Really? It sure doesn’t look that way. Even Chávez’s opponent in the October presidential election, Henrique Capriles, had to promise voters that he would preserve and actually expand the Chávez-era social programs that had increased Venezuelans’ access to health care and education. And after Chávez beat him by a wide margin of 11 percentage points, Chávez’s party increased its share of governorships from 15 to 20 of 23 states, in the December elections that followed. During nearly all of the campaign ahead of those elections, Chávez was not even in the country.

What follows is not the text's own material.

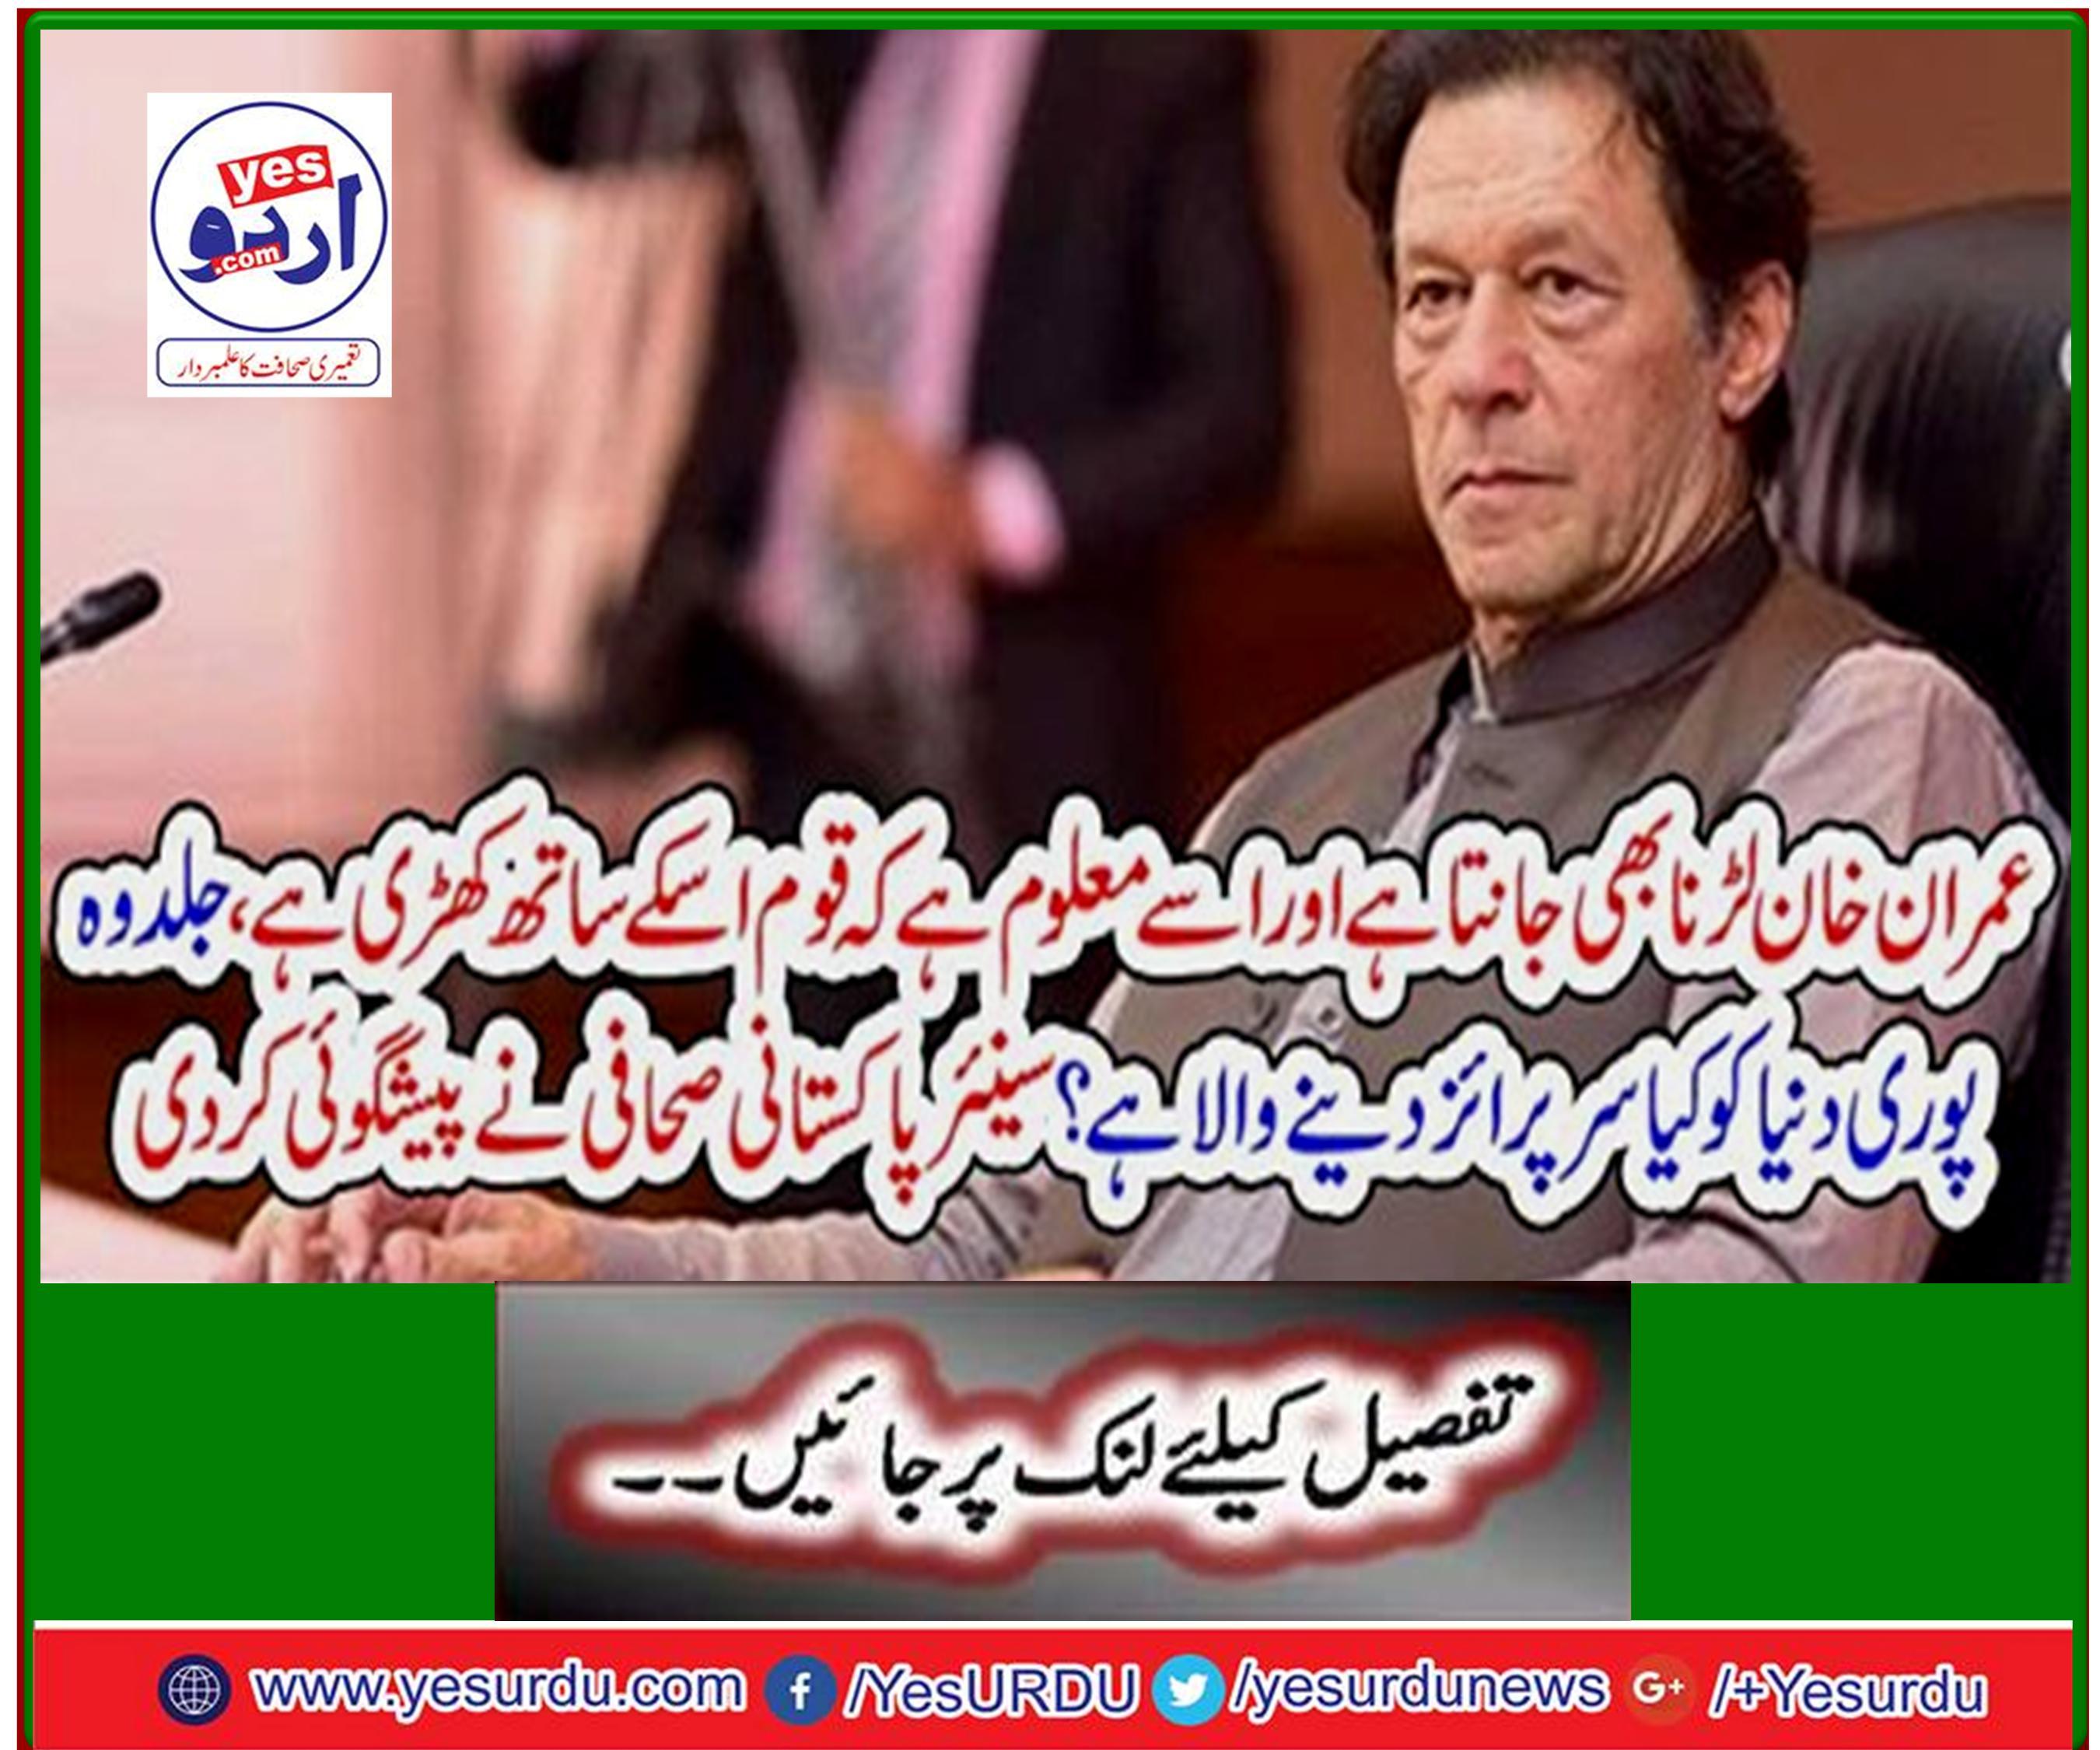 Senior Pakistani journalist predicted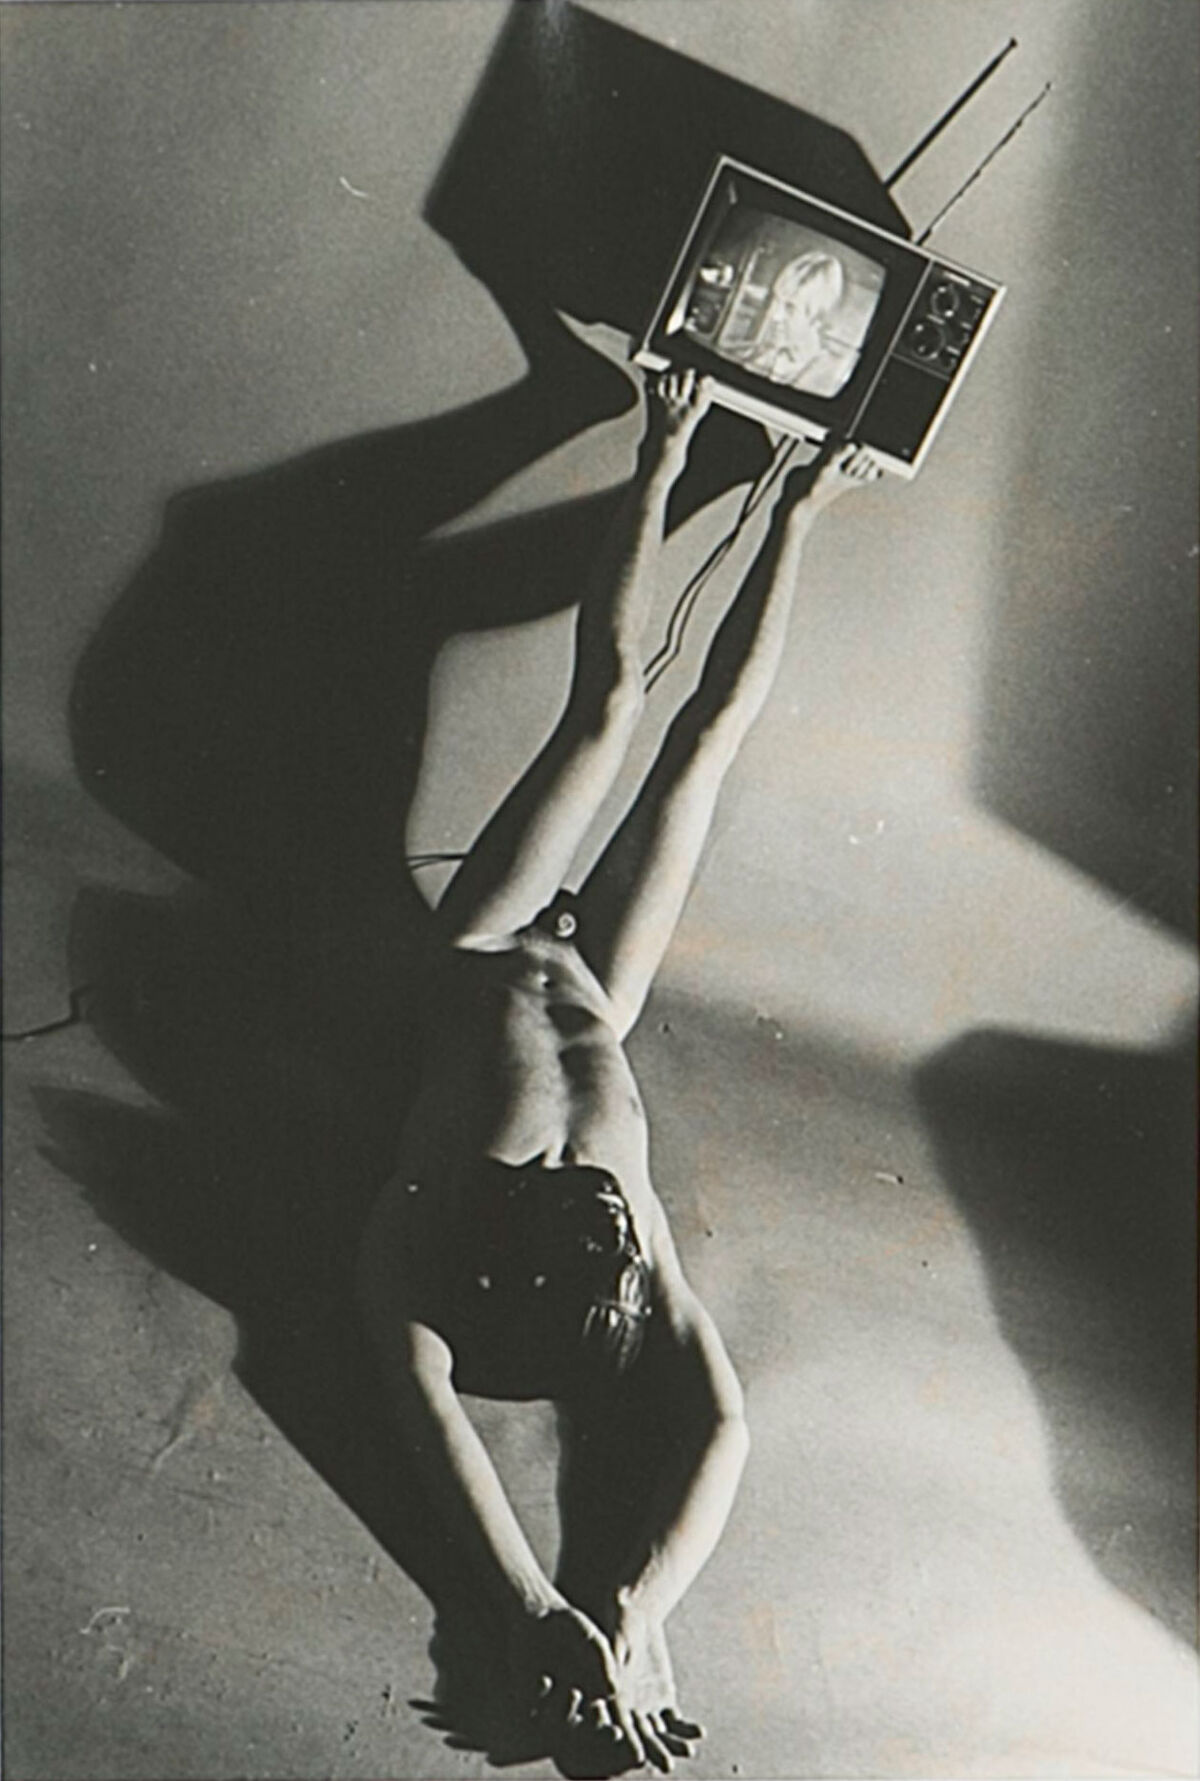 Jimmy DeSana, Television, 1978. Courtesy of the Jimmy DeSana Trust and Salon 94, New York.

But it’s the one-sidedness of the New Yorker’s reporting that is most overwhelming. Imagine, for example, writing an article about the United States at the end of President Clinton’s eight years – interviewing the homeless and the destitute, the people tortured in our prisons, the unemployed and the poor single mothers struggling to feed their children. Could you get away with pretending that this is all of “What Clinton has wrought in America?” Without mentioning that unemployment hit record lows not seen since the 1960s, that poverty was sharply reduced, that it was the longest-running business cycle expansion in U.S. history?
This is an imperfect analogy, since many people outside the U.S. know something about the country, and wouldn’t buy such a one-sided story line. And also because the improvements of the Clinton years didn’t last that long: the stock market bubble burst and caused a recession in 2001; the gains from the recovery that followed went mostly to the richest 1 percent of the population; and then the housing bubble burst, causing the worst recession since the Great Depression — from which we are still recovering. Unemployment today is considerably above the level of Clinton’s first year in office, and poverty has rebounded dramatically; and we could take another decade to get back to full employment. Whereas in Venezuela, progress has not been reversed; there really is no going back, now that the majority of the country has gotten used to sharing in the country’s oil wealth – not just through government programs but primarily through a higher level of employment and income in the private sector. Maybe that’s not “revolutionary” enough for Anderson, but it’s enough for Venezuelans to keep re-electing their president and his party.
As for the media, it is a remarkable phenomenon, this outpouring of animosity toward Chávez and his government, from across the Western media spectrum. How is it that this democratically elected president who hasn’t killed anyone or invaded any countries gets more bad press than Saddam Hussein did (aside from the months immediately preceding invasions of Iraq)? Even when he is fighting for his own life?
The Western media reporting has been effective. It has convinced most people outside of Venezuela that the country is run by some kind of dictatorship that has ruined it. Fortunately for Venezuelans, they have access to more information about their country than the foreigners who are relying on one-sided and often inaccurate media. So they keep re-electing the president and the party that has improved their lives — much to the annoyance of the major media and its friends.
Mark Weisbrot is an economist and co-director of the Center for Economic and Policy Research. He is co-author, with Dean Baker, of Social Security: the Phony Crisis.